- **RECORDS**
■ ■ ■ ■

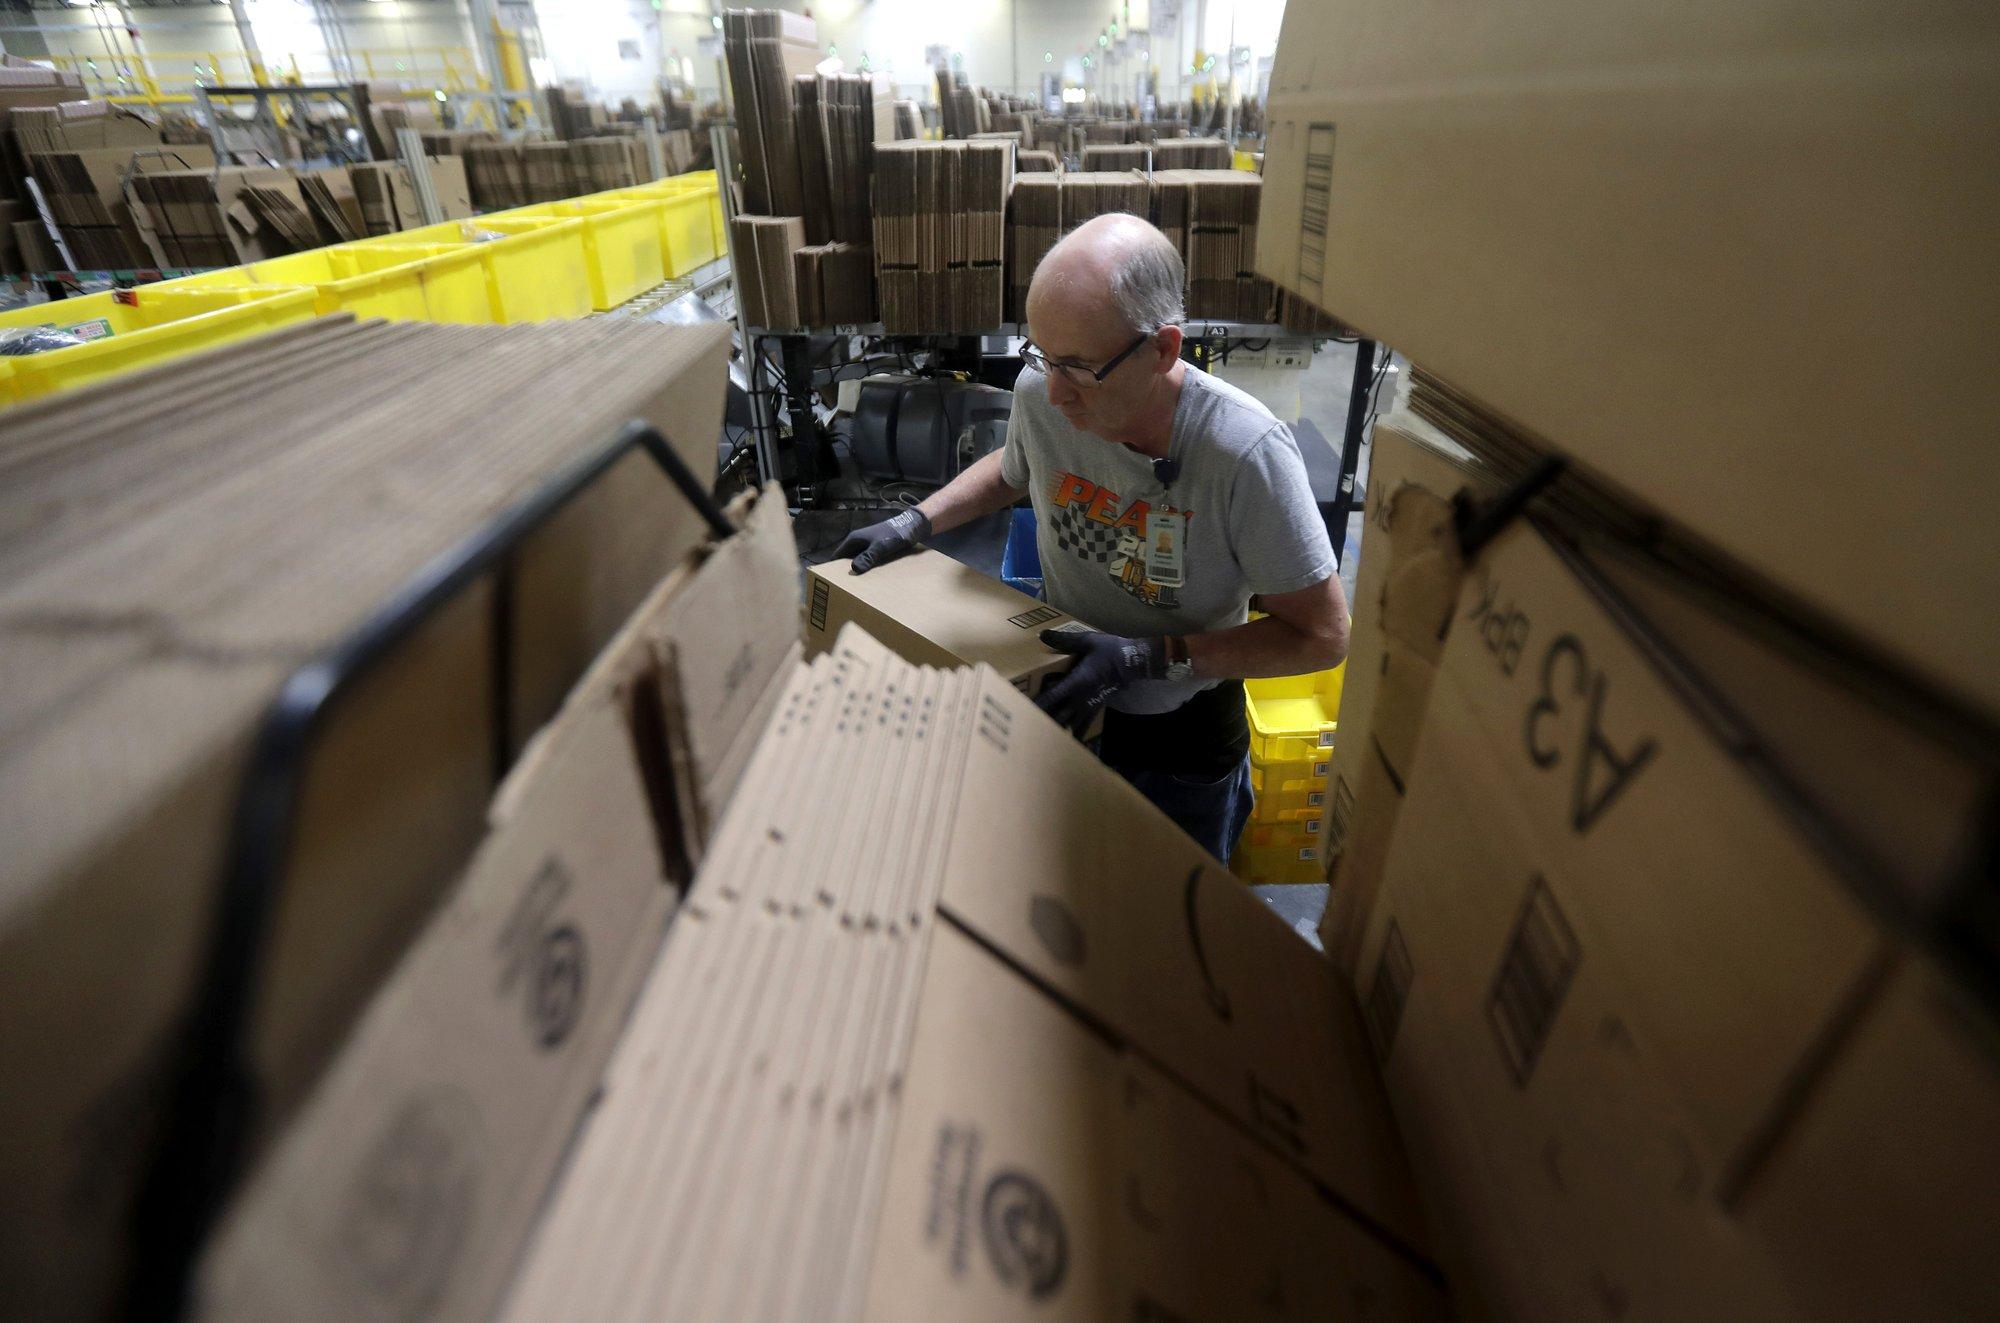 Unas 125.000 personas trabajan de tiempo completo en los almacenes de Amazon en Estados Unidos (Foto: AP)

■ ■ ■ ■

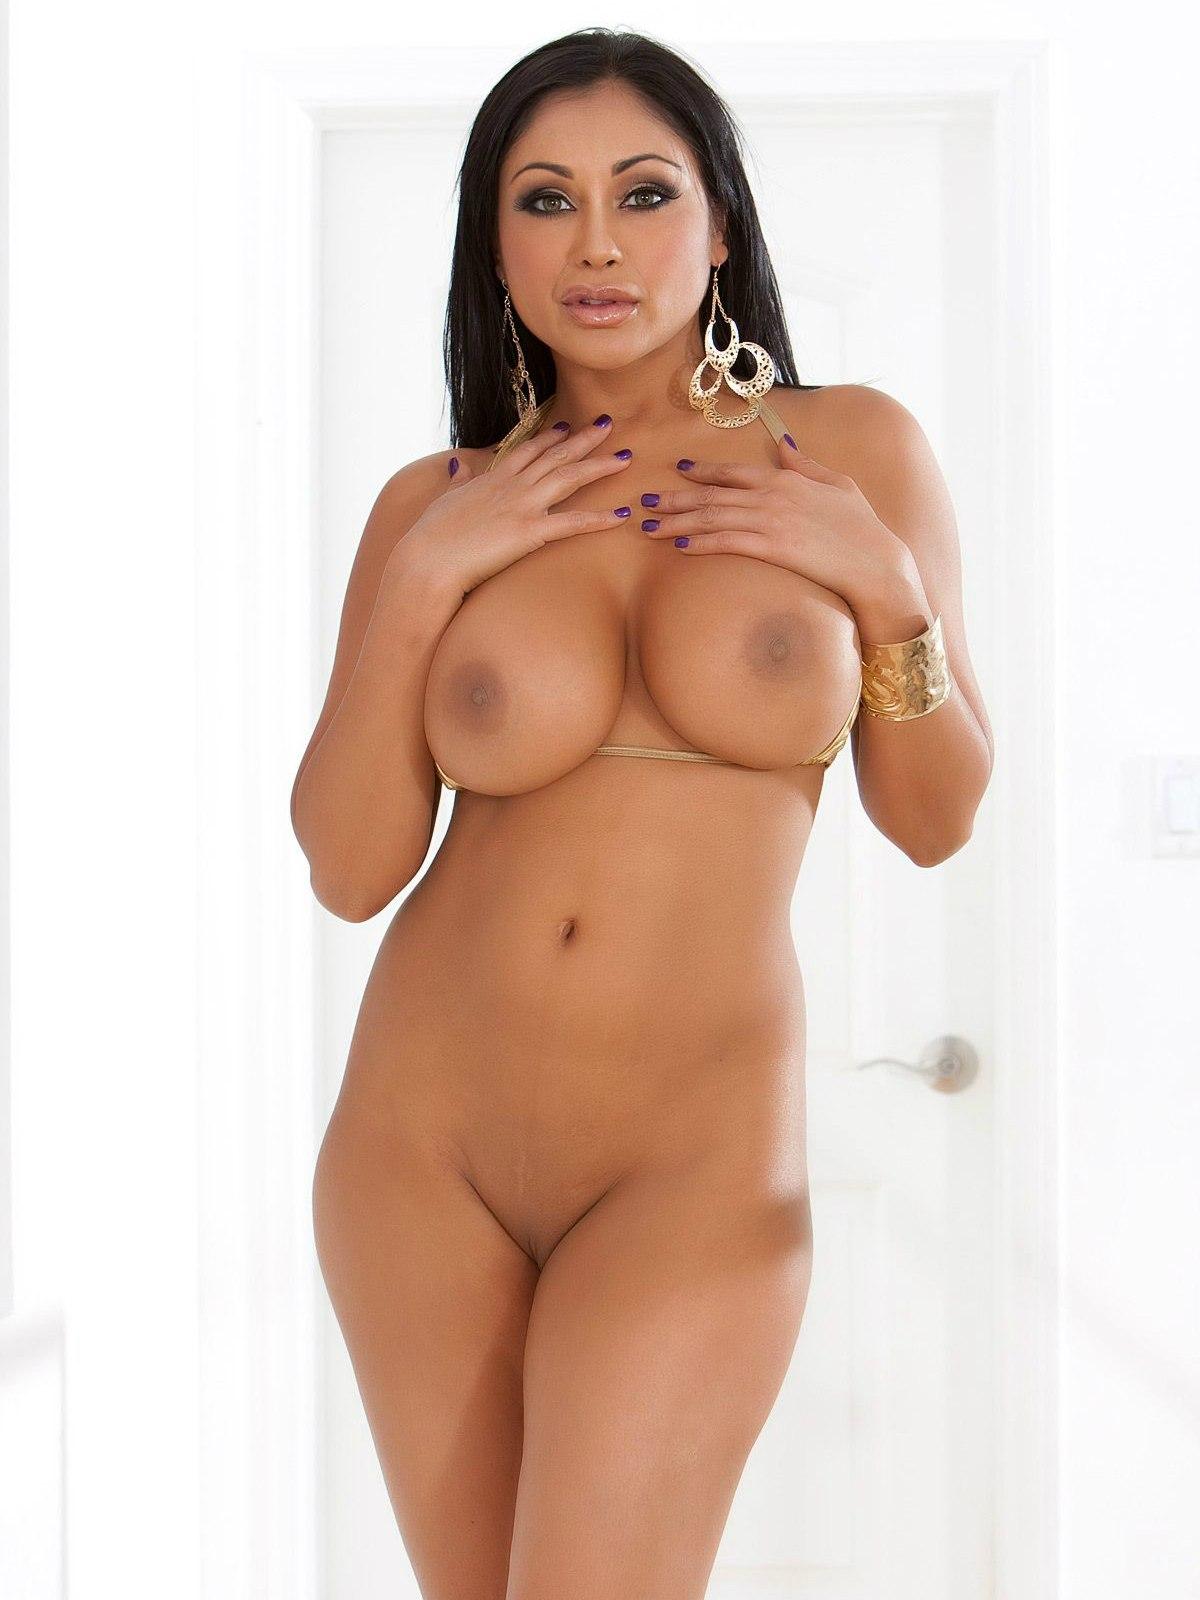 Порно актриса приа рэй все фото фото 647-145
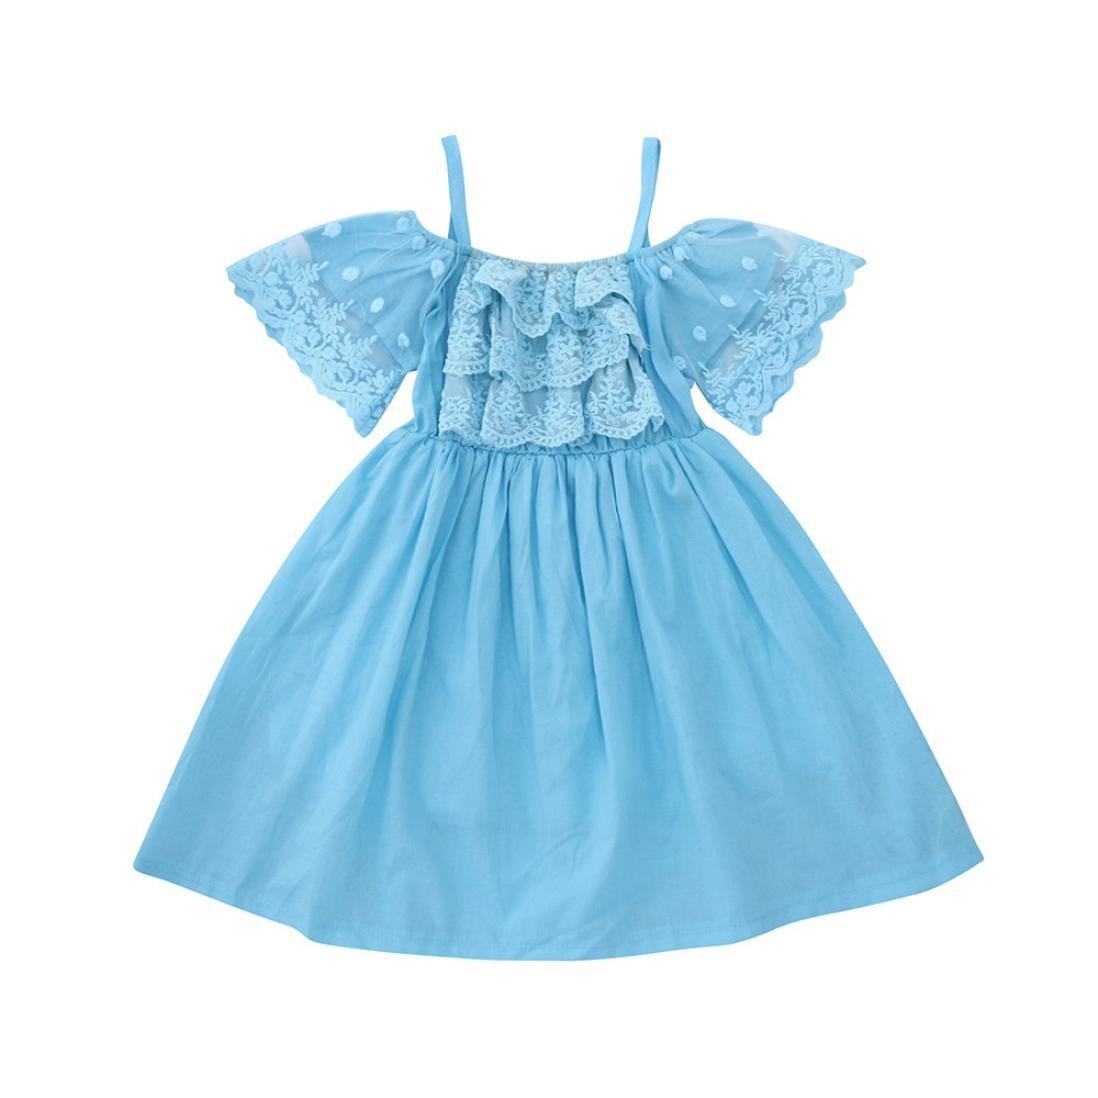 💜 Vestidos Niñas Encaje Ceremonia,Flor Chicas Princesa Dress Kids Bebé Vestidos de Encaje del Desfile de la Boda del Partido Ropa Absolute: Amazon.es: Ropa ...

■ ■ ■ ■

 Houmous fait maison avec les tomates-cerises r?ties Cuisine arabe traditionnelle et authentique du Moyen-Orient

■ ■ ■ ■

- **INSTRUCTIONS TO FOLLOW**
From the records above, copy exactly the lines starting at the one with "Порно актриса приа рэй все фото фото 647-145" and ending at the one with "Amazon.es: Ropa ...", and no others. Pictures stay out.

- **SOLUTION TO THE EXERCISE**
 Порно актриса приа рэй все фото фото 647-145
 💜 Vestidos Niñas Encaje Ceremonia,Flor Chicas Princesa Dress Kids Bebé Vestidos de Encaje del Desfile de la Boda del Partido Ropa Absolute: Amazon.es: Ropa ...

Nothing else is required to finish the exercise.